Deliverables from this step:
- PortfolioCalc sheet with dynamic portfolio metrics.
- Solver_MVP and Solver_TP setups documented with final weights and performance stats.
This step translates the optimizer into a full picture of risk–return trade-offs. You’ll generate a curve of feasible portfolios by targeting return levels and solving for minimum variance at each target.
Efficient Frontier:
- Create a column of target monthly returns spanning MVP to max observed E[R]

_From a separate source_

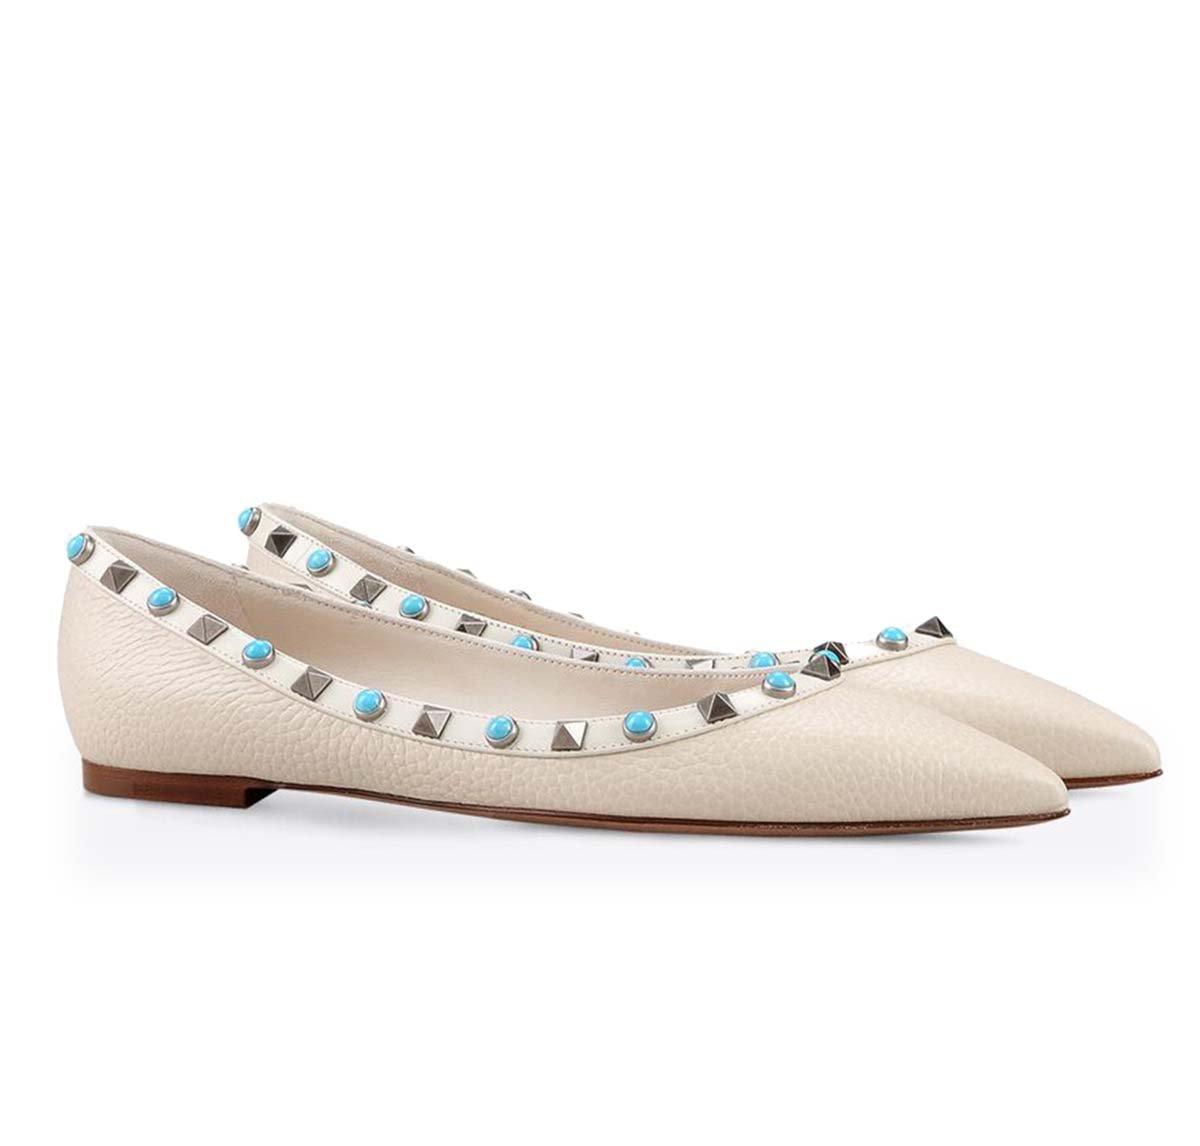 GONGFF Flache Spitze Niet Schuhe Frauen Ballett Schuhe Pumpe Sandalen,#3,36  36|#3

- For each target, use Solver to minimize variance subject to:
- SUM(weights)=1
- weights≥0
- SUMPRODUCT(weights,E[R])=Target
- Record portfolio stdev and annualize for plotting
Charts to include:
- Efficient Frontier (annualized)
- Asset scatter (annualized return vs. stdev)
- Pie charts for MVP and TP
- FF Betas by Stock
How to read the visuals:
- The asset scatter shows each stock’s standalone position; the frontier traces the best achievable trade-off via diversification.
- MVP lies at the far-left of the frontier (lowest variance). Tangency (max Sharpe) is the point where a straight line from RF is just tangent to the frontier.
- Pie charts reveal portfolio intuition—defensive names dominate MVP; higher-return exposures tilt TP.
Quality checks:
- Ensure every frontier point uses identical constraints and correct references.
- Verify monotonicity: annualized stdev should generally rise with higher target returns.
Deliverables from this step:
- Frontier sheet with a clean table of target returns, monthly σ, annualized stats, and solved weights.
- Charts sheet containing the finalized frontier, asset scatter, and MVP/TP pies ready for inclusion in the report.